Sheffield sighed, his breath hot against Heat’s shoulder. “Just… wondering about something.”
“Hm.” He grunted, he wasn’t in much of a mood for speaking, instead letting his eyes flutter shut. Sheffield sat up abruptly, their skin that had basically stuck together pulled apart in a way that was uncomfortable, not painful—just enough to make him open his eyes again. The light from the street lamps and faint hint of the moon back lit his figure. His shadowy silhouette felt malicious, a darker presence Heat had never noticed from his roommate.
“I do,” Sheffield said, his tone dipping, cooling off the room. O’Brien propped himself up on his elbows. “There’s something I’d like to ask him. Something along those lines.”
Heat stayed silent, but Sheffield stayed staring at him, his expression sharp, dark, expecting.
“Okay-“
“Would you want to help me? Would you want to see God too?”
“Where is this coming from Serph?”
“Would you help me?” It came out more as a statement than a question.
“I don’t know.”
“That’s all you had to say,” Sheffield said, laying back down beside him, resting his head on O’Brien’s pillow. “Think about it.”

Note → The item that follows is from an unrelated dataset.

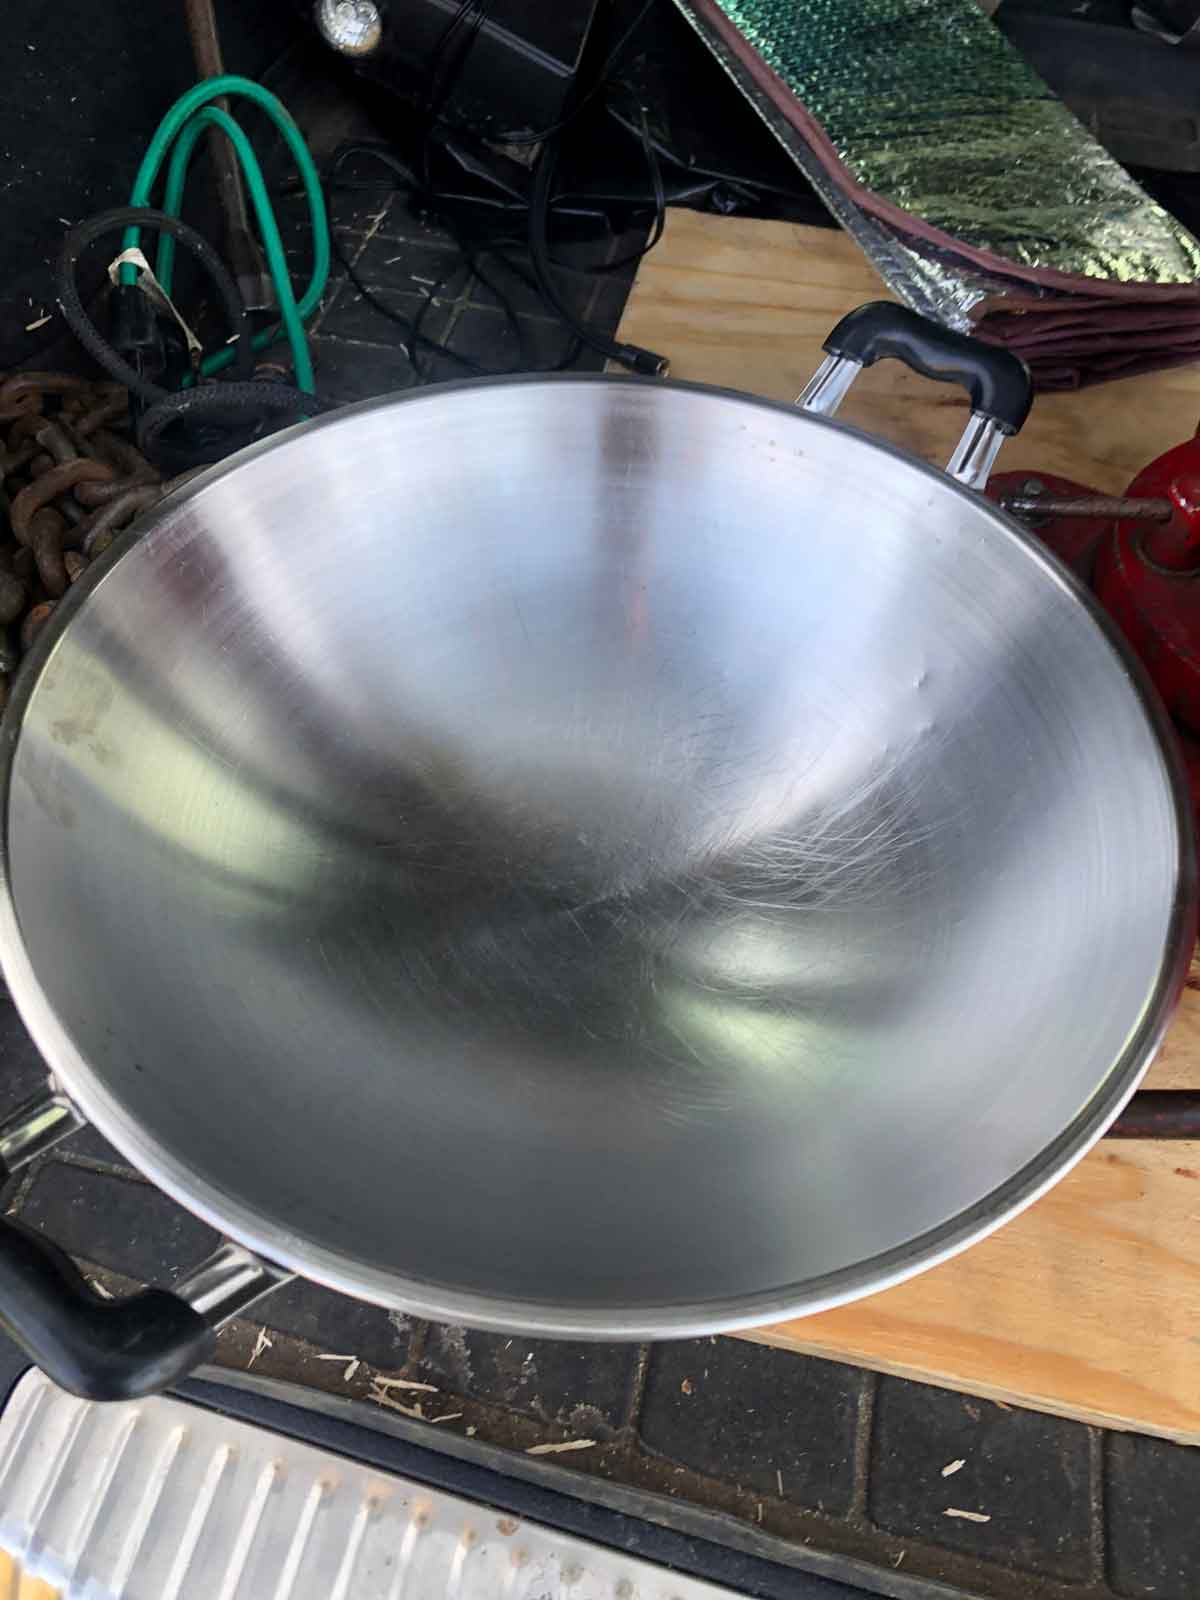 A stainless steel wok I use to gather the petals from the dayflower when I'm out foraging pigments.

O'Brien didn’t realize then that Sheffield intended the Karma Society to be their answer. But in the morning he woke up to find a printed document of the so-called society lying where Sheffield has laid only hours before. It was what Sheffield had set his mind on, it was something he planned to talk O'Brien into.

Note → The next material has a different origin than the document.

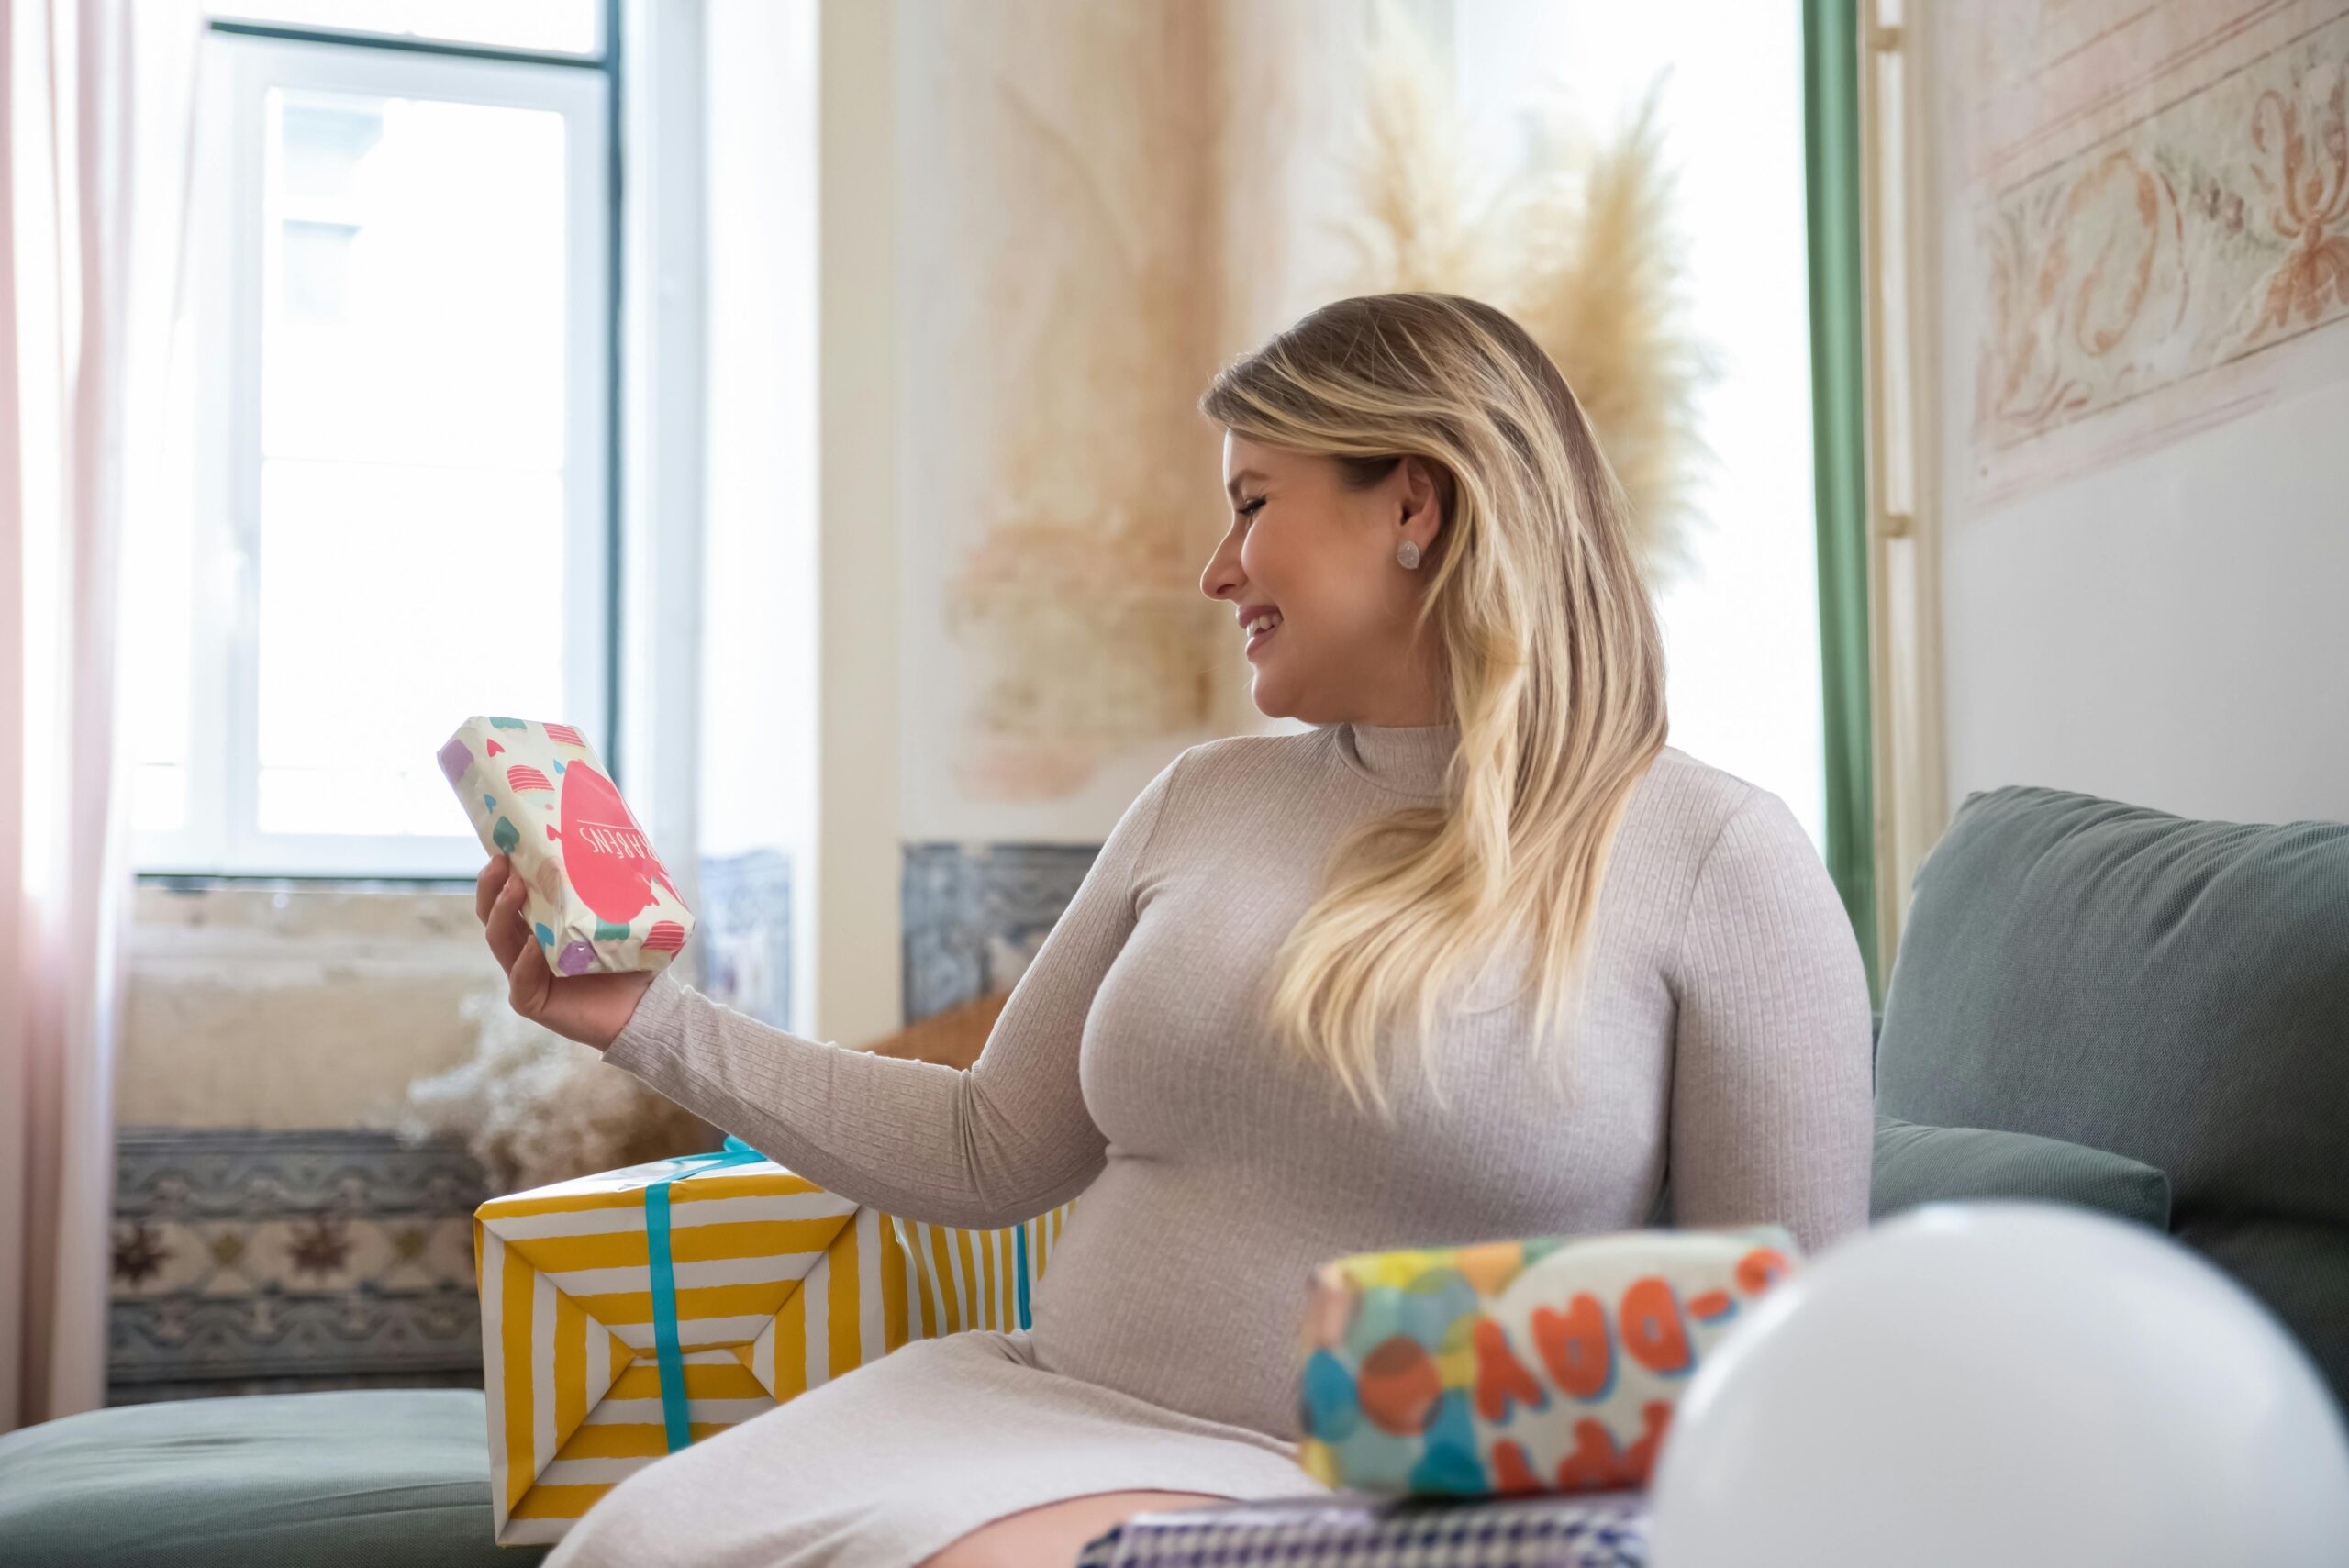 10 Thoughtful Gift Ideas for Pregnant Moms

He didn’t know what changed Sheffield, if it was something offered by the Karma Society or if his behavior was always like this, hidden until it was able to be shown. The rules of the society were weak when it came to the researchers and other staff involved directly with the Cyber Shaman and Asura-01 program. Even the rule of not killing anyone became only paperwork.
He felt as if there was no way to reach Sheffield, there was always a wall that divided them. Serph was able to slip behind anyone’s walls, but his own intentions would always be hidden. The weight of the projects is what separated them. He hadn’t changed, however, O’Brien had. Once nervous, too awkward to fit in, and too quiet to stand out--it was eaten by deep rage, uncontrollable anger that became undesirable. He was moody, difficult to deal with, and continuously struggling with the notion that his inability to properly work with his coworkers may be what results in such failures by the company.
He throws his stuff down in the hall of his apartment. It’s dreary, wallpaper faded with age and peeling in the corners showing off hidden grudge. The color of the wallpaper, puckered from moisture, pulpy to the touch, and yellowed from cigarette smoke that fills the air occasionally. The tenant would be mad if they knew, and O’Brien knows if he ever were to escape this hell, there would be higher charges for the damages created.
But he knows he won’t make it out alive. He is the shepherd with his back turned to the wolf who waits in the darkness, cruel jaws that snap with saliva flowing from jowls. Though the wolf would be nothing more than another soul in front of God who saw them all as equal before his gates, but it leaves him with questions unanswered. Standing there alone in the dark, O'Brien clasps his hands together in prayer, closing his eyes, if God was truly listening in on every prayer, every thought directed in His direction, would he be okay with what was happening?